*PROBLEM DETAILS:*
Nothing but the lines from the start of the data through the line with "Beautiful Verrazano Narrows" should appear in the answer, each retyped exactly, and pictures should not.

*GIVEN DATA:*
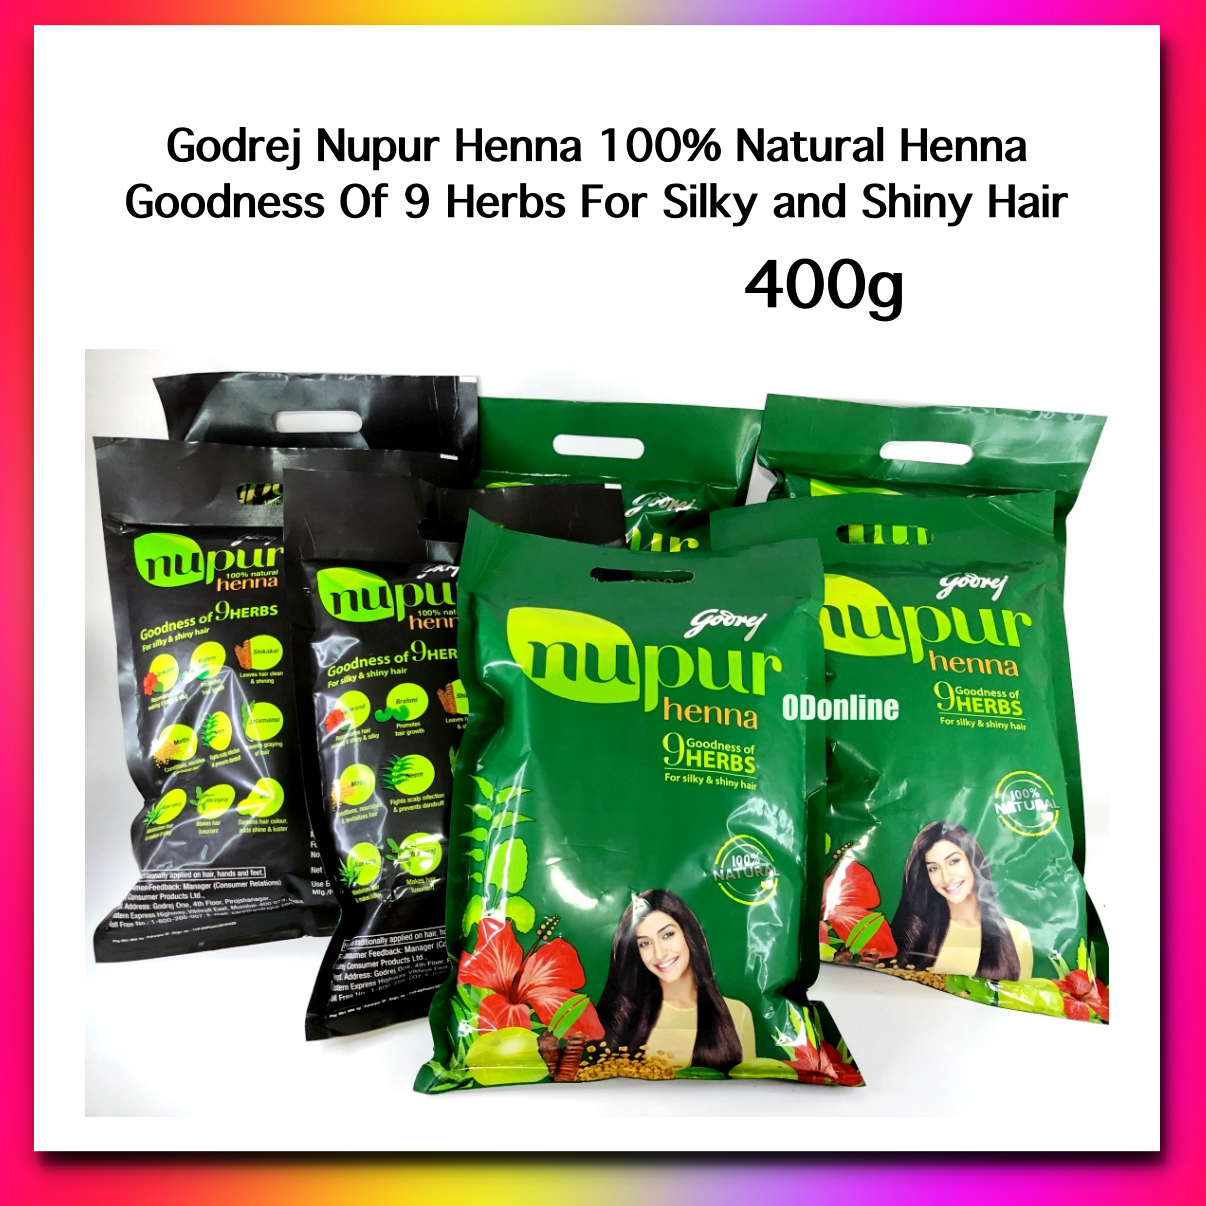 Godrej Nupur Henna 100% Natural Henna Goodness Of 9 Herbs for Silky and  Shiny Hair 400g | Lazada Singapore
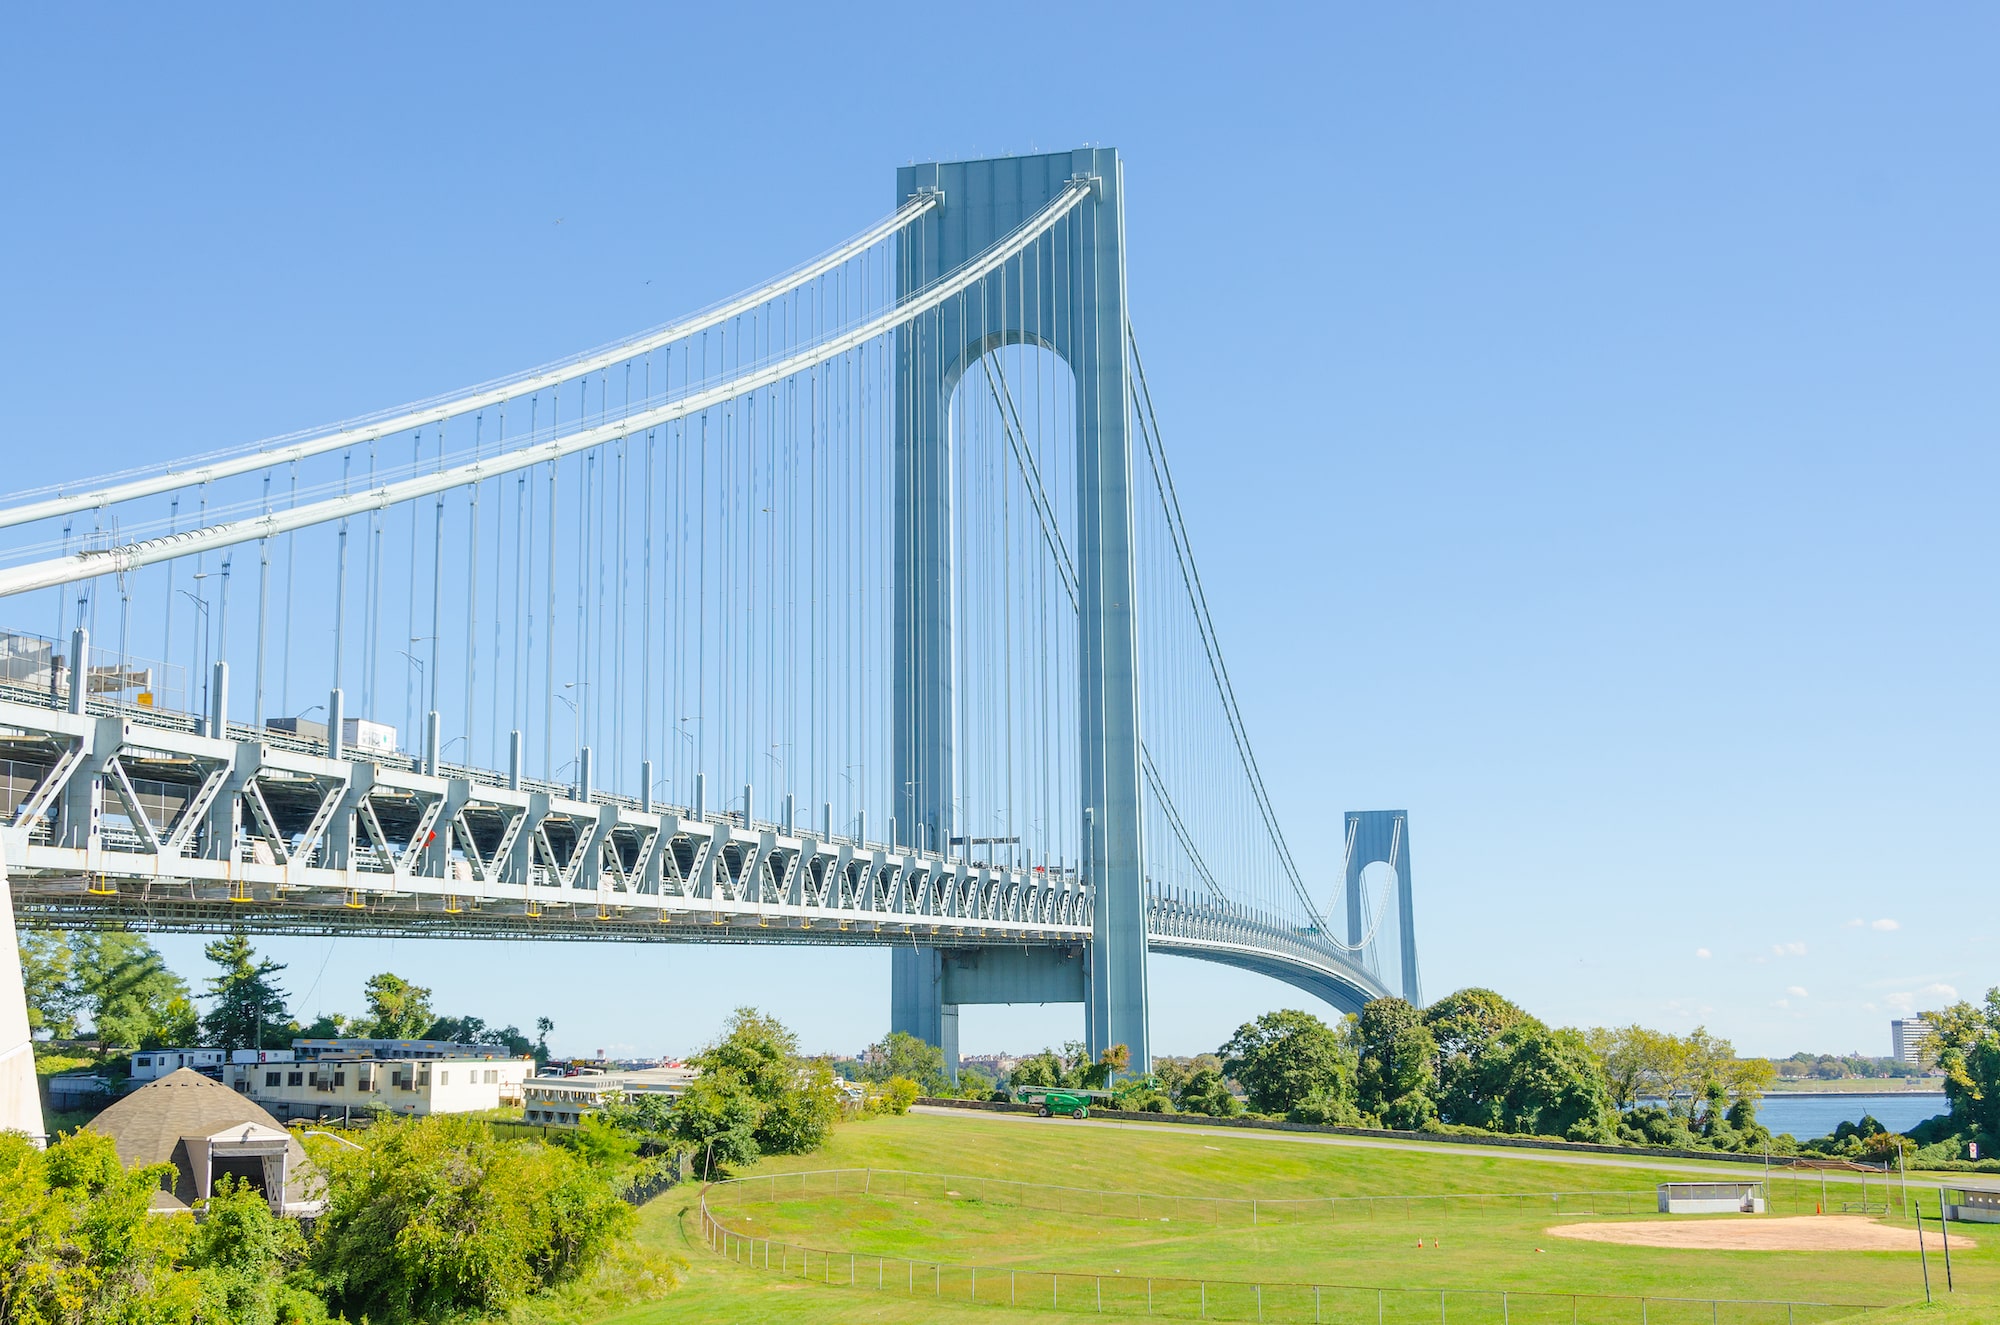 Beautiful Verrazano Narrows Bridge in New York painted a light blue color with homes and green grass below.
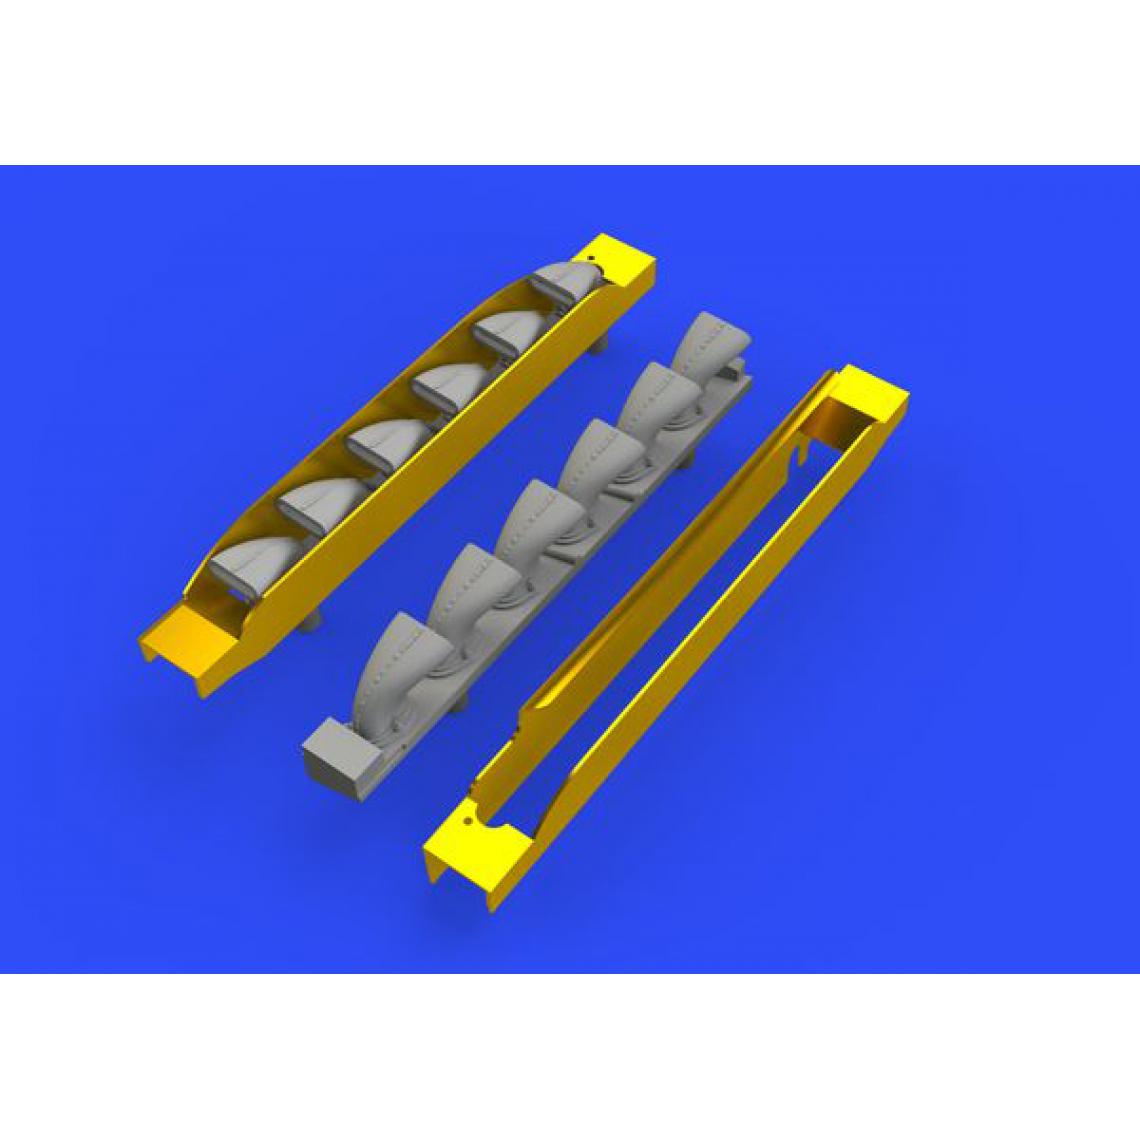 Eduard - Bf 109G-6 exhaust stacks for Tamiya - 1:48e - Eduard Accessories - Accessoires et pièces

*TASK SOLUTION:*
 Godrej Nupur Henna 100% Natural Henna Goodness Of 9 Herbs for Silky and  Shiny Hair 400g | Lazada Singapore
 Beautiful Verrazano Narrows Bridge in New York painted a light blue color with homes and green grass below.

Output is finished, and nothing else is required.